When It Falls Apart (The D'Angelos, #1)(60)


“I needed to get this out before dinner. Before there is any chance for us to show affection in front of your daughter. I won’t be offended if you want to hold off on that for her sake. You’re the dad here. You’re in charge. I just need you to know where I stand.”

This woman. This woman! “Do you have any idea what—”

“Franny!” Brooke said as an announcement, looking over his shoulder.

Luca dropped his arm from where he’d been holding Brooke’s hip and turned to see his daughter walking behind the kitchen island.

“Hi, Brooke. What are you doing here?”

Brooke took a step back, a little out of Luca’s reach. “I came to help your dad with dinner.”

Franny wiggled her nose. “Papa doesn’t need help.”

Brooke shrugged. “I know that.” She lowered her voice and pretended Luca couldn’t hear her. “I offered to help so I would find out what he puts in the ravioli so maybe I can make it on my own sometime.”

Franny jumped up onto one of the barstools. “I wanna help.”

Luca stopped staring at Brooke and watched his daughter. “Excuse me?”

“I wanna help. If you’re going to show Brooke, you can show me.”

Luca felt the air entering his lungs a little too fast.

Brooke glanced at him, her lower lip between her teeth.

“Okay, ladies. Put your hair back and your aprons on. Nobody wants hair in their pasta.”

“Do you have an extra hair tie?” Brooke asked his daughter.

Franny bounced off the barstool and reached out a hand. “In my room.”

The two of them walked away. . . Brooke glanced over her shoulder, a concerned smile on her face.

In the few minutes they were gone, Luca gathered his composure and made a plan.

Together his daughter and Brooke returned to the kitchen. Brooke’s hair was up in a messy bun, and Franny had a braid down her back.

“We’re ready,” Brooke announced.

He looked at the two of them.

“So am I.”



Luca brushed Brooke’s hair over the pillow and smiled down at her.

She was flushed and out of breath.

“You know, Luca . . . when you said you needed my help this morning, this isn’t exactly what I thought you had in mind.”

Their legs were still tangled from their lovemaking, their hearts still racing. He’d called her after taking Franny to school and asked her to come down.

“I needed the image of you in my bed,” he confessed.

“Do you practice saying all the right things?”

“It sounds like a line, but I assure you, it isn’t.”

Brooke stretched under him. “This beats yoga.”

“Don’t tell my sister that.”

“Chloe doesn’t want to hear any of it, trust me. After Gio’s comments at dinner last night, it’s safe to say your whole family knows what’s going on.”

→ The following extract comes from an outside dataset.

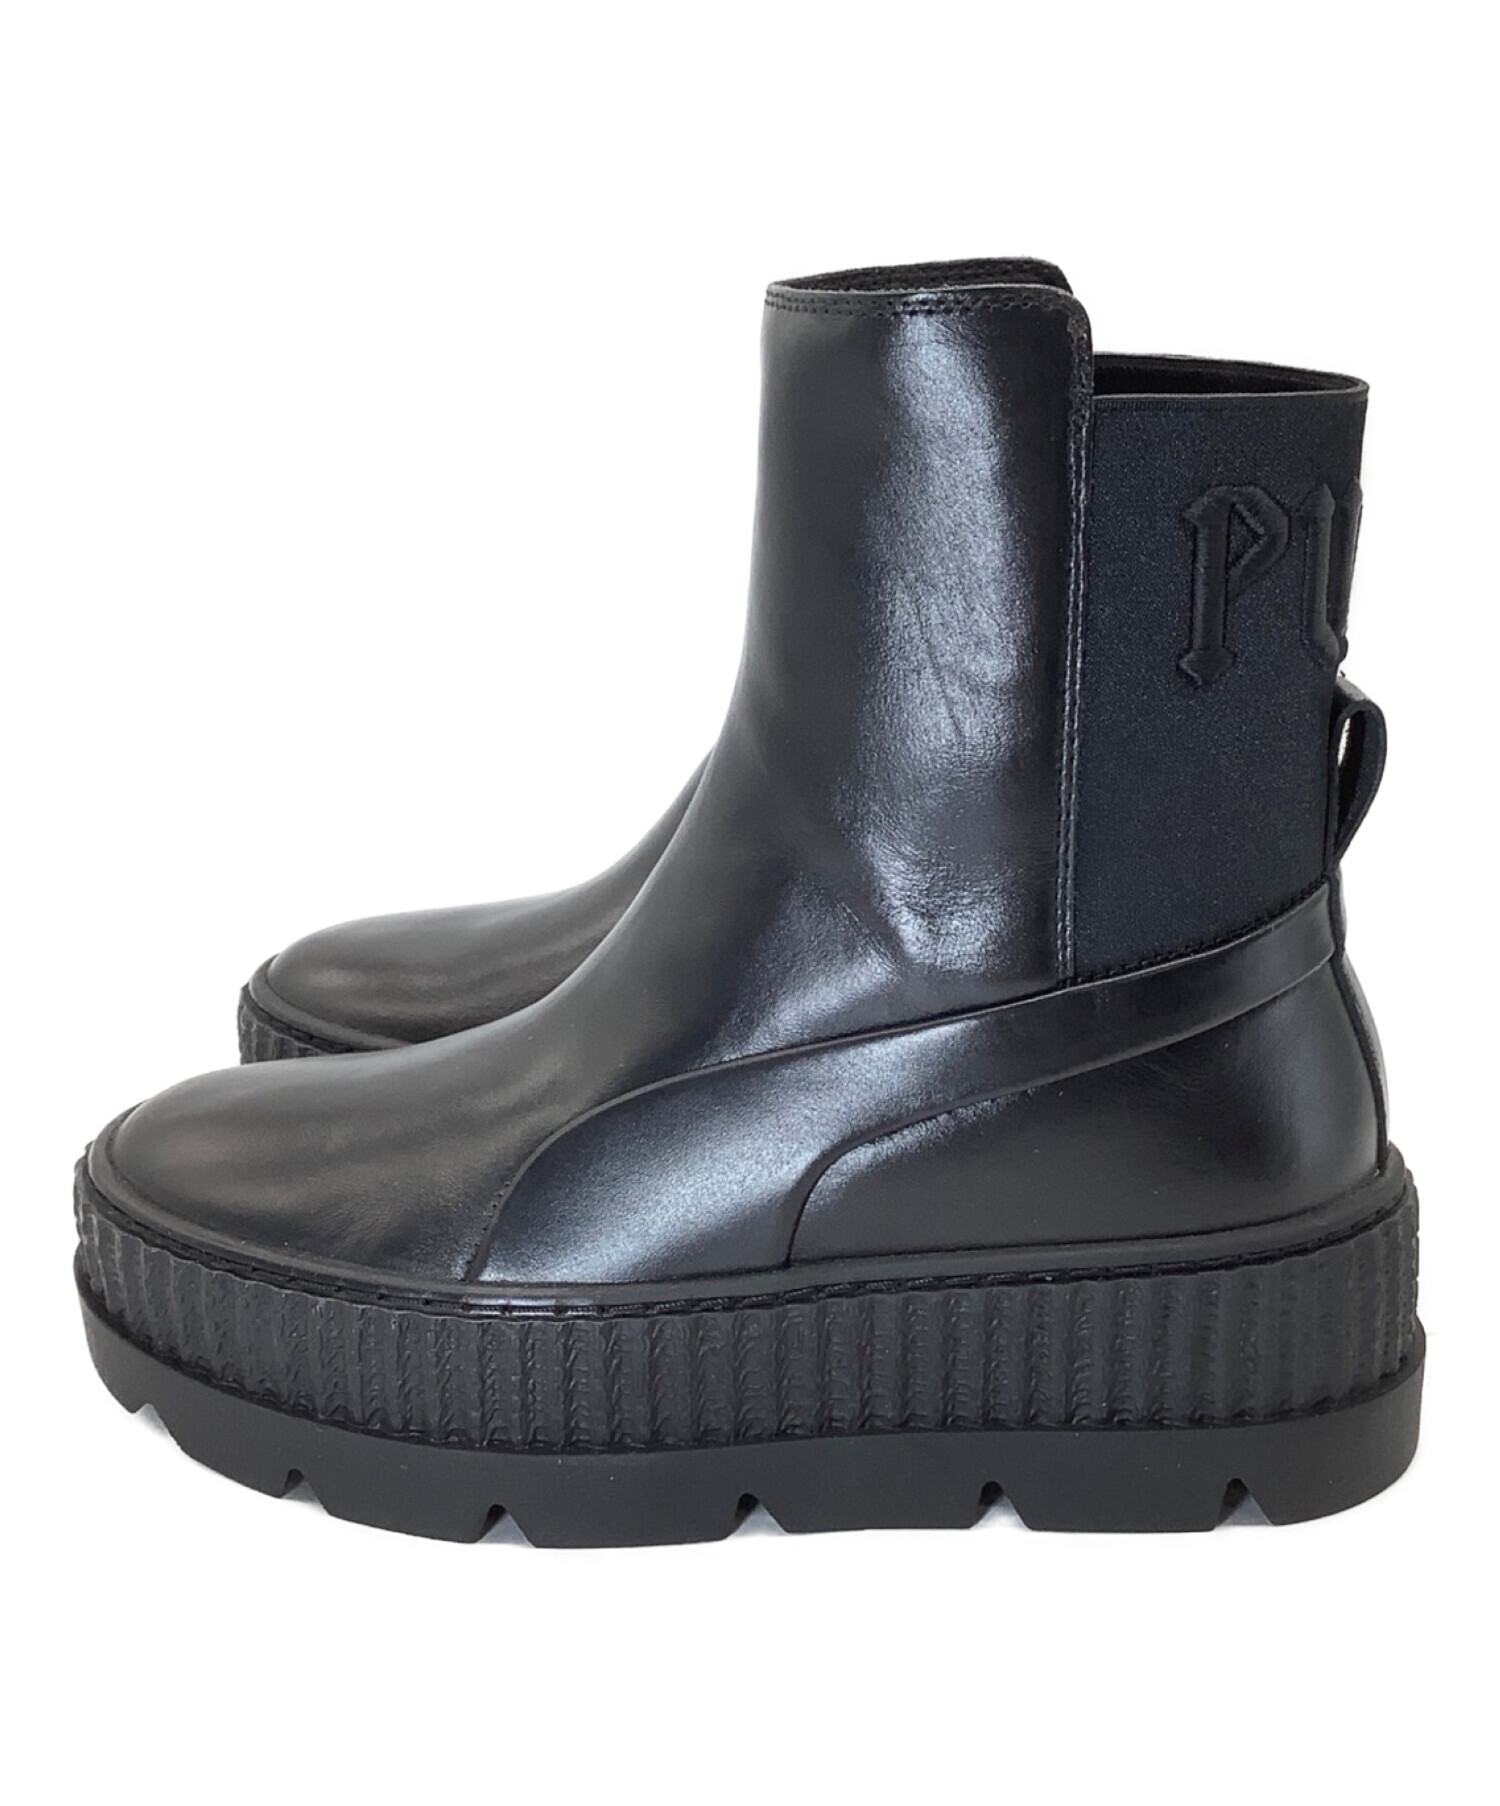 Fenty PUMA by Rihanna (フェンティ プーマ バイ リアーナ) Chelsea Sneaker Boot ブラック サイズ:22.5

“Giovanni needs to mind his own business.” His brother had joked about how relaxed they both looked. Brooke had blushed and his mother had smacked Gio’s shoulder to shush him up.

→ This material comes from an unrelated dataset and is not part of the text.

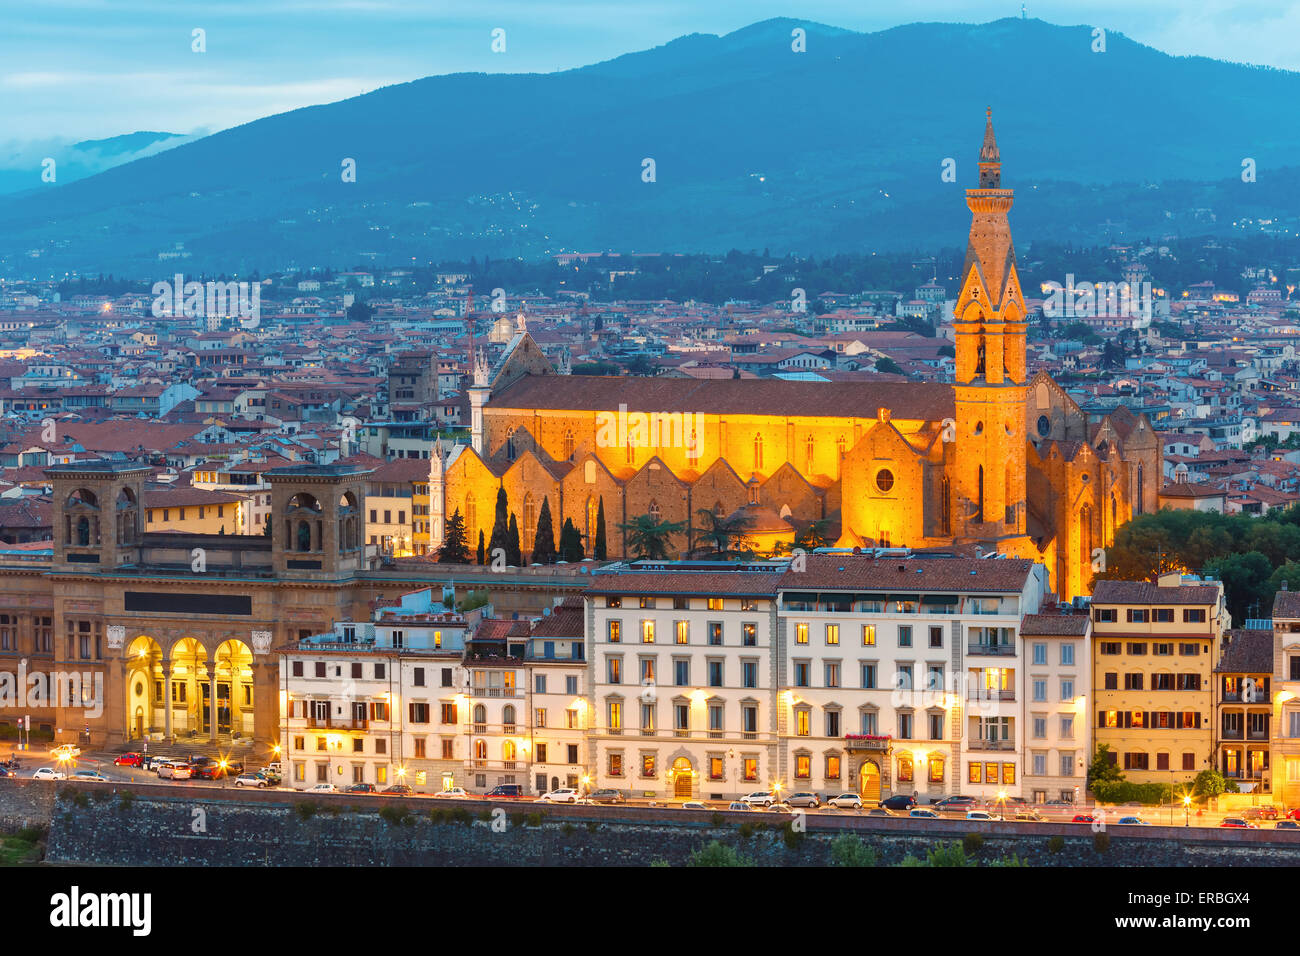 Basilica di Santa Croce in Florence, Italy Stock Photo

“Your brother teasing us means he approves. I’m not offended,” Brooke said.

“My family adores you.”

He felt Brooke run her foot up his leg. “Do you ever get the feeling your mother planned this?”

“Planned us?”

“Yeah. The way she was watching us last night made me wonder if she would have rented the apartment to just anyone.”

“We’ll eventually find out. I wouldn’t put it past her.”

Brooke lifted her lips to his for a brief kiss. “As much as I’d love to stay here all day, I have to get some work done.”

Luca rolled to the side and watched her climb out of his bed.

The image of her slim waist and heart-shaped butt would last in his mind for some time. “Let me know if you ever want to skip your yoga session.”

Brooke slipped into the clothes Luca had quickly rid her of once she entered his room.

“Skipping yoga is a great code name,” Brooke teased.

He put on a pair of shorts and walked her to his door.

“I pick Franny up at two thirty if you need a break.”

“You sure?” Brooke asked.

“I’m sure.” He kissed her and watched as she started up the stairs.

From below he heard a noise and saw his sister. “Well, well.”

“Nothing to see here, Chloe, move along,” Brooke called out.

Luca laughed and closed the door before heading to his shower.



At one, Brooke sat in front of her computer for a Zoom meeting with the design team on the Downes account.

Portia Corrigan, her boss, had requested a last-minute call, and none of them had a clue what it was about.

Kayleigh, the youngest of the team at just twenty-two and fresh out of college, looked like she jumped out of bed with makeup on and a frozen smile on her face. Mayson was a little older and someone Brooke had bounced ideas off of before. He was twenty-eight and had moved away from Seattle two months into the pandemic and now lived in Boise. Nayla was a seasoned new hire from New York who had experience with fashion design and, from what Brooke could tell, had the most to add.